*EXERCISE PROMPT:* Pictures are not part of the copy. Set down exactly the lines from the one containing "House for sale" through the last line of the material below.

*DATA EXTRACT:*
* * *

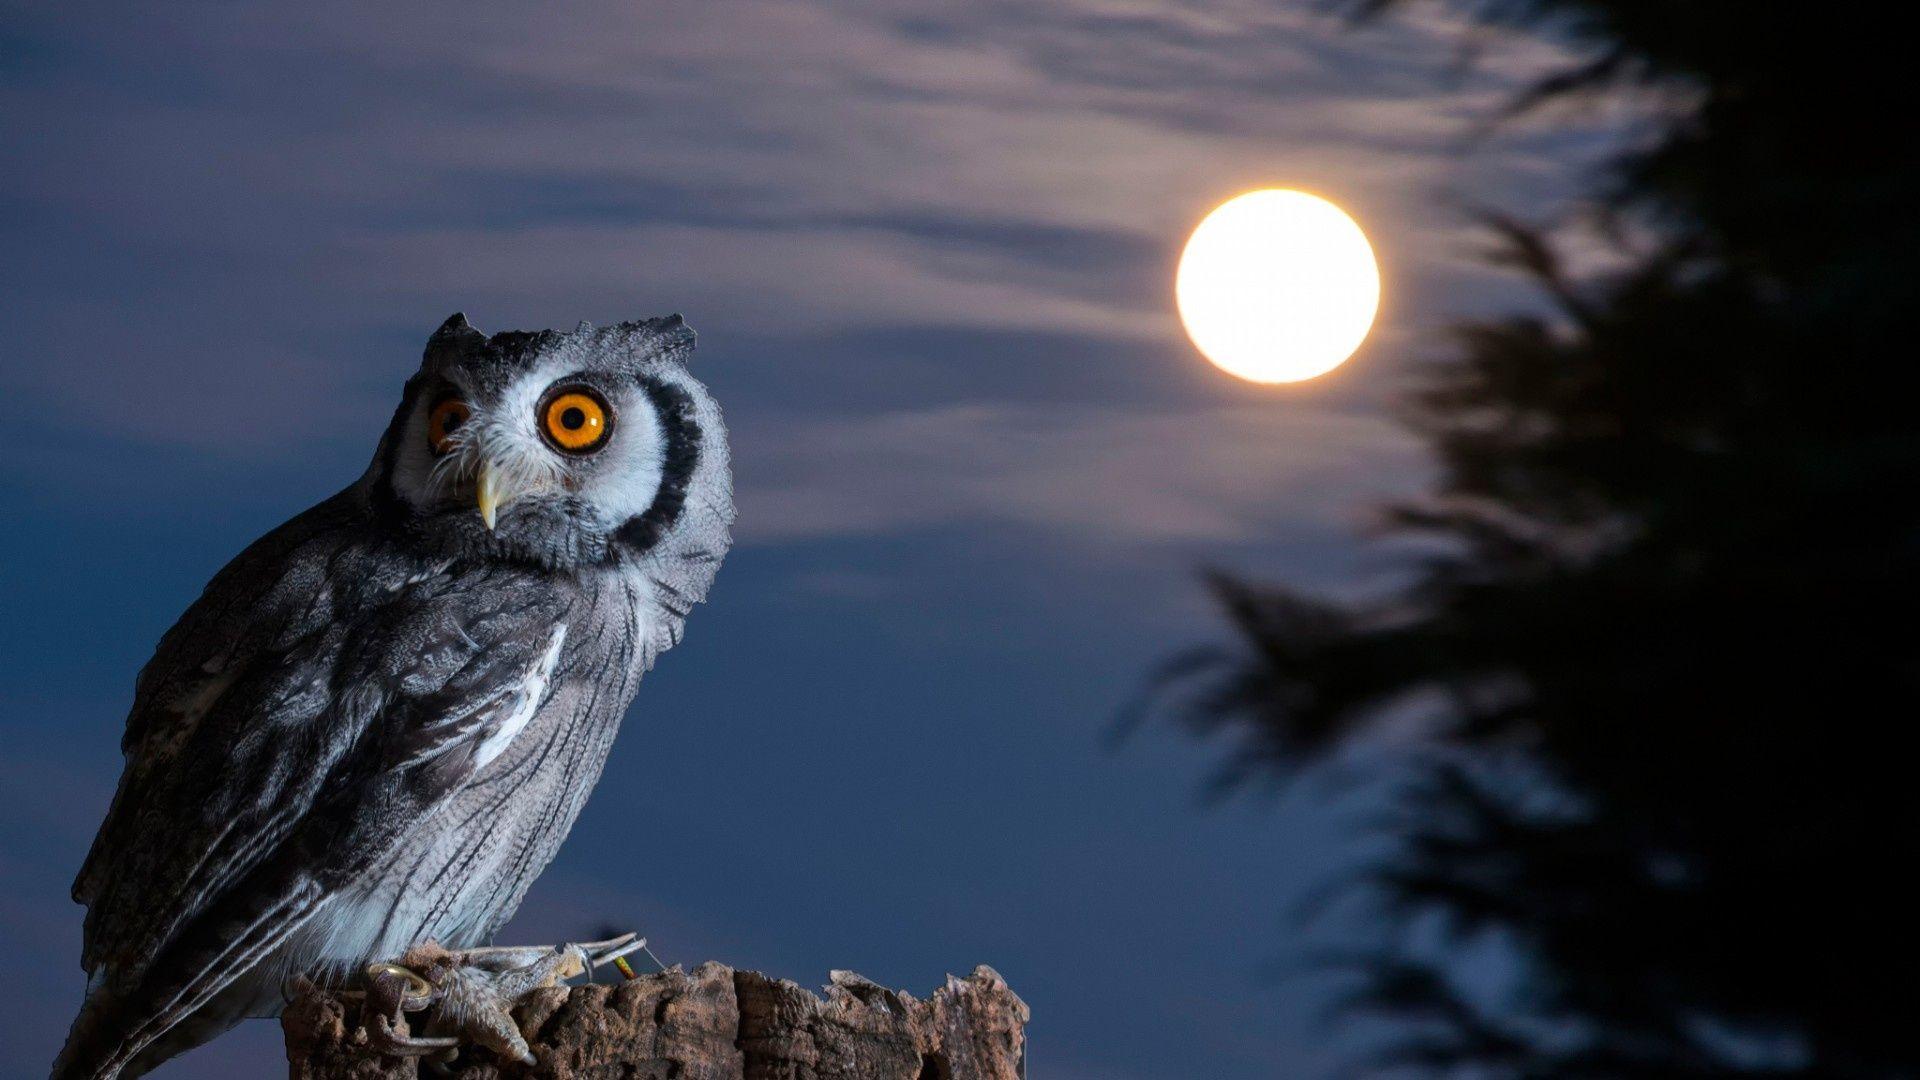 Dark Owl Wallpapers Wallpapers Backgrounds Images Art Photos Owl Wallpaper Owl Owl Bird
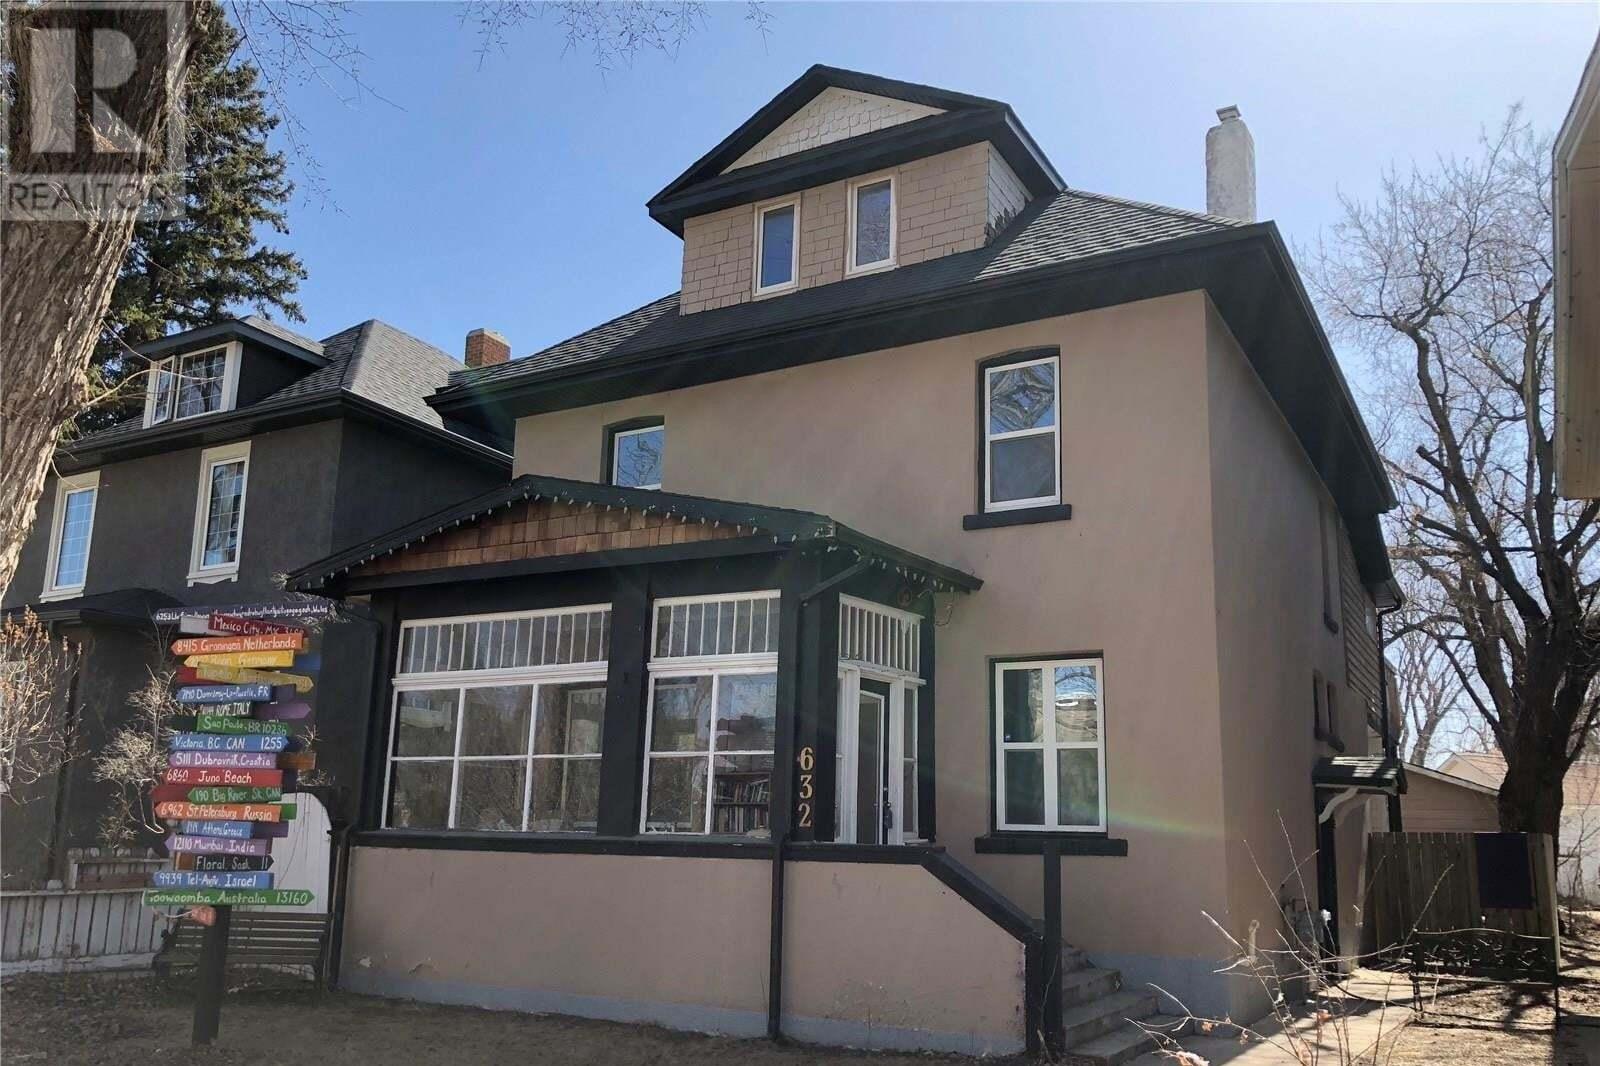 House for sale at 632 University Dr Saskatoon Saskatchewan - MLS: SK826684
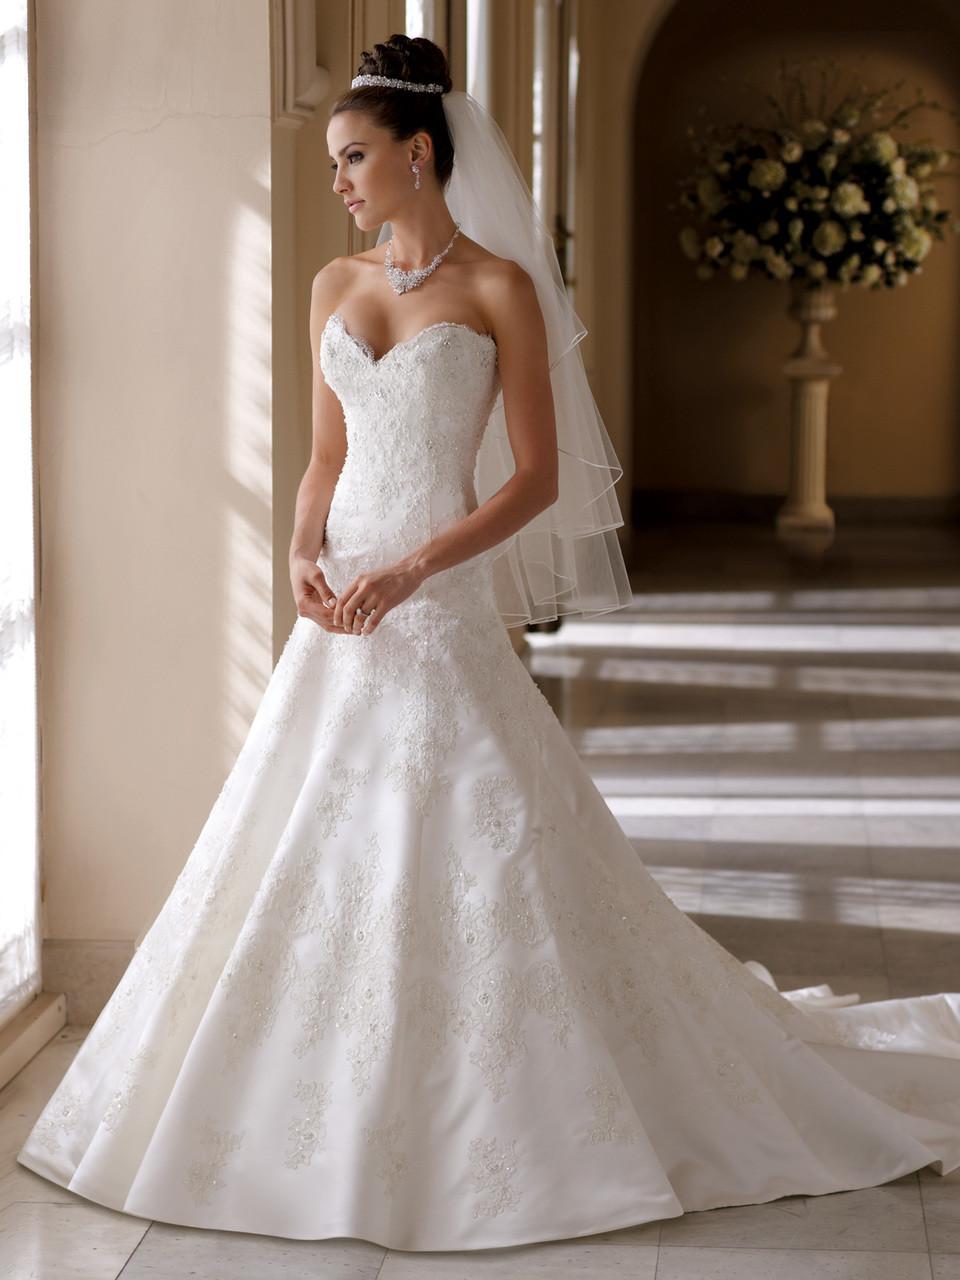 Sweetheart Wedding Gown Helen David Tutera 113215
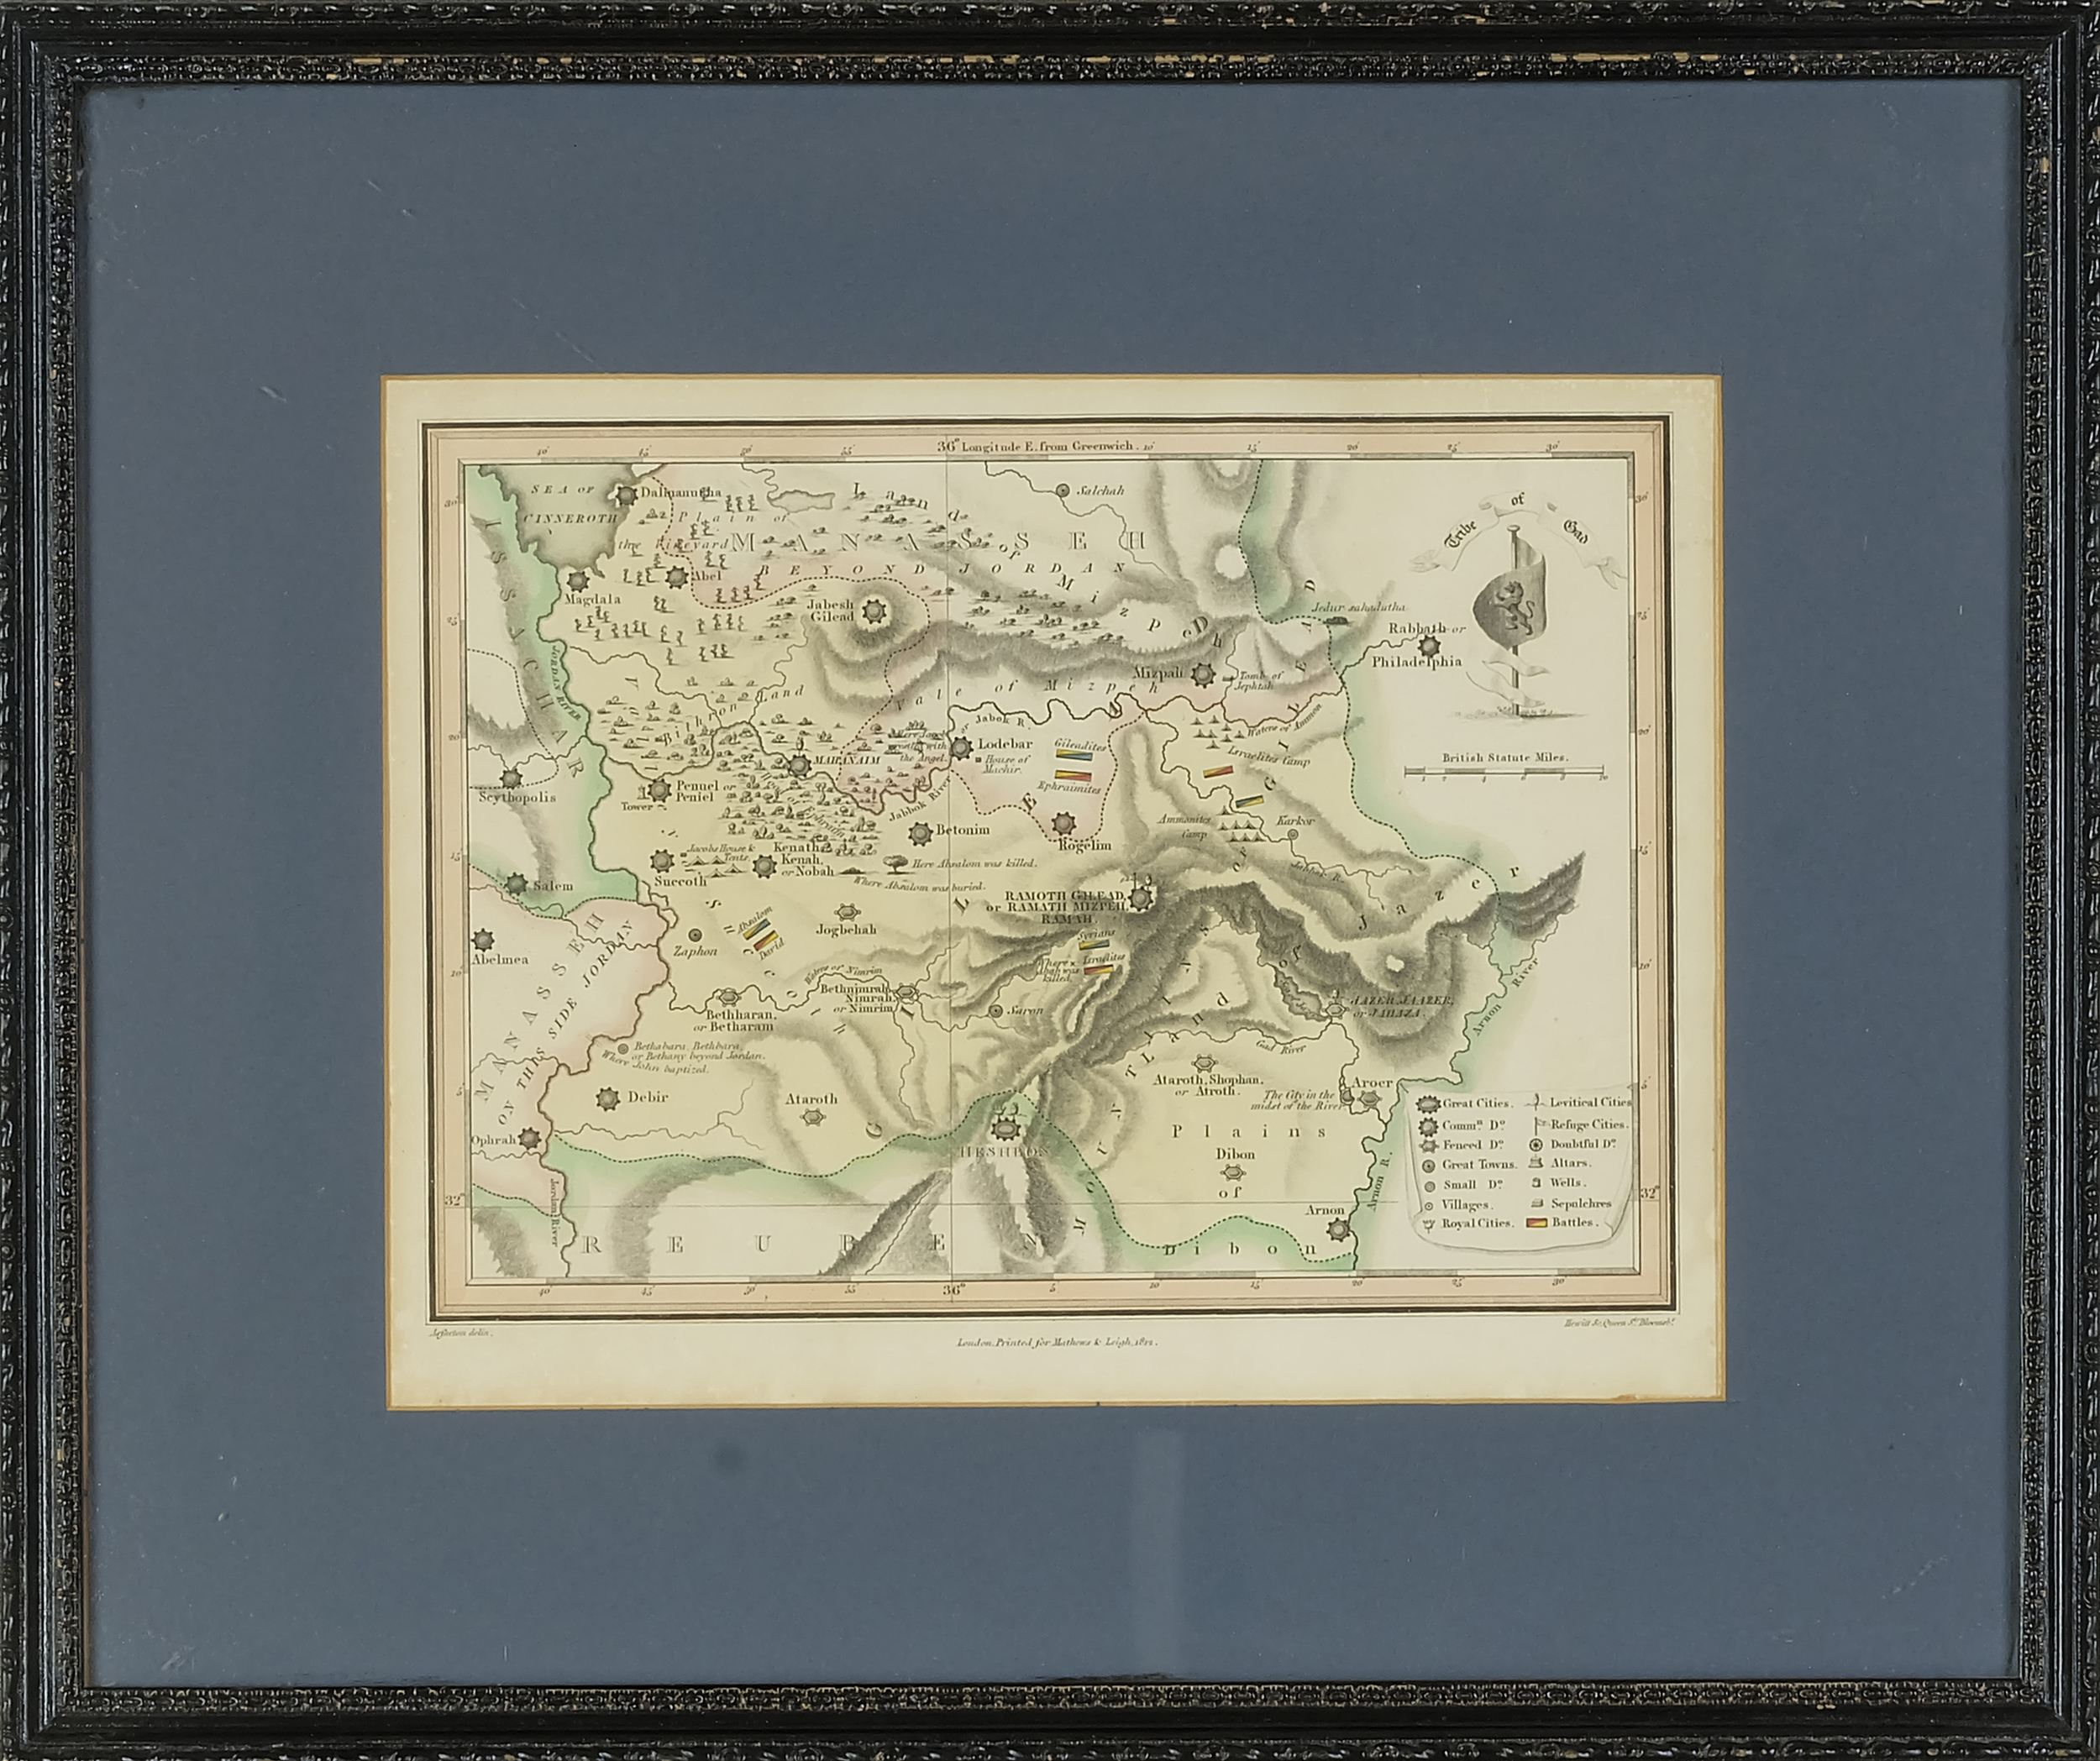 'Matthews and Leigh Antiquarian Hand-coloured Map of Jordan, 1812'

* * *

*SOLUTION TO THIS PROBLEM:*
 House for sale at 632 University Dr Saskatoon Saskatchewan - MLS: SK826684
 Sweetheart Wedding Gown Helen David Tutera 113215
 'Matthews and Leigh Antiquarian Hand-coloured Map of Jordan, 1812'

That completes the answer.